I first came across Huntington’s Disease thanks to Thirteen on the TV show House all those years ago. It’s not a disease you hear a lot about in normal life unless you know someone with it. All that to say that everything I know about HD was learned from a fictional TV doctor more than 15 years ago. This book takes that ancient knowledge and deftly weaves in actual knowledge of the disease with the experiences of the O’Briens. I learned a lot without feeling like I was reading a textbook, it was seamless between knowledge and experience. The experience was the catalyst that made this book go from good to great. The weaving of the backstory of what Joe believed to be true only to determine was not truth to the speculation of the future story that each character has to decide how to move forward. Four children, four chances for them to test positive for the genetic lottery that is HD, four choices to be made for all the reasons you can, and sometimes don’t even think about to, imagine.

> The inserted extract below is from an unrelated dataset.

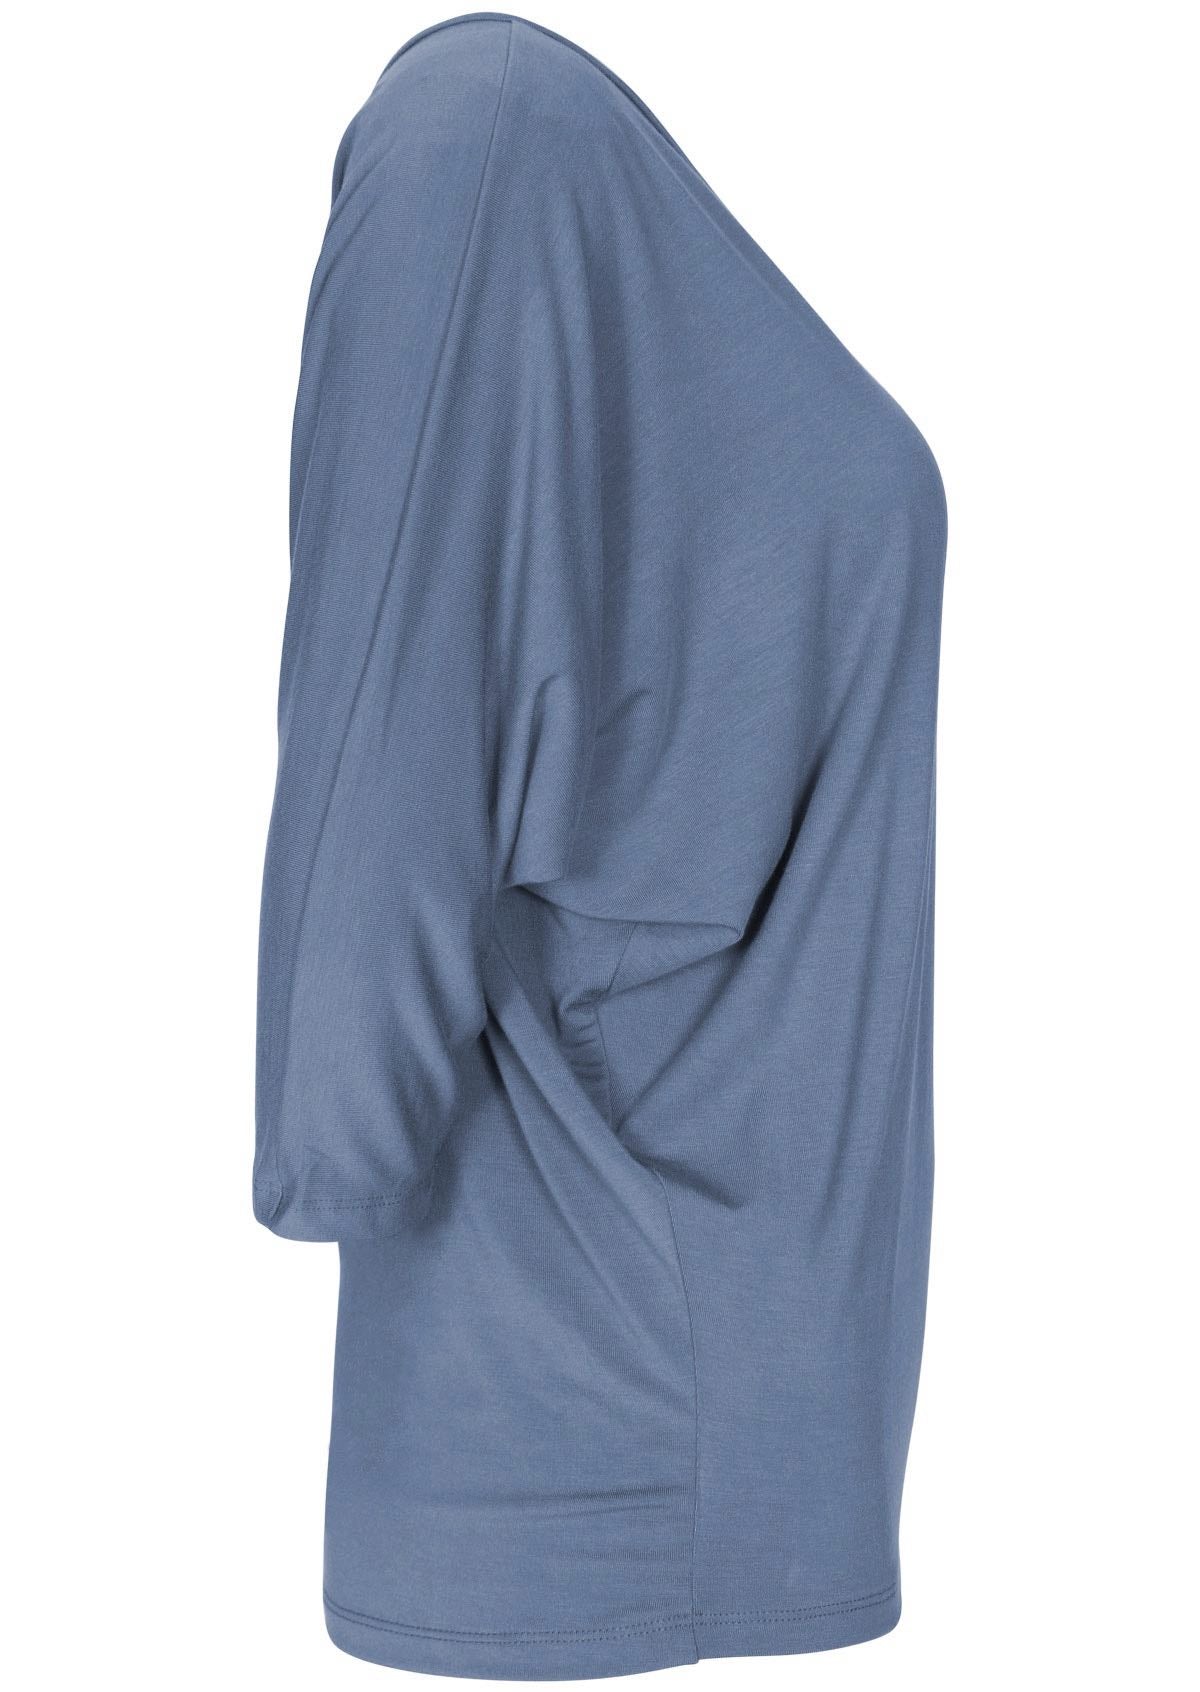 Side view of women's 3/4 sleeve rayon batwing v-neck grey top.

In some ways I felt like a voyeur while listening to this book. I know, sounds a little extreme but hear me out. We happen upon this family just before a diagnosis that is so devastating and emotionally charged. We are privy to how each and every family member deals with the bombshell that this means for all of them, Joe and his four children. And how that plays out to significant others in all the lives, especially Rosie as she contemplates the loss of her husband but also the potential of losing her children to this disease during her own lifetime. We are privy to all their what-ifs, their emotional spirals, and how they come to terms with the potential of all their futures. There’s a lot to unpack in this book and it’s all good. Not going to lie though, there were parts I felt too easy, parts I felt glossed over that I wanted more depth, and how dare the cliff hanger that was the ending. My need, want, to know more makes me feel voyeur. I didn’t have to be included in their story then I didn’t feel like I was given enough. I was so invested that I really want to see how this family truly does go forward from where the book left me. I feel like I know these people and I need (yes need) to know how it truly ends. Not the tragic known ending, but the holistic ending that brings this family full circle for me.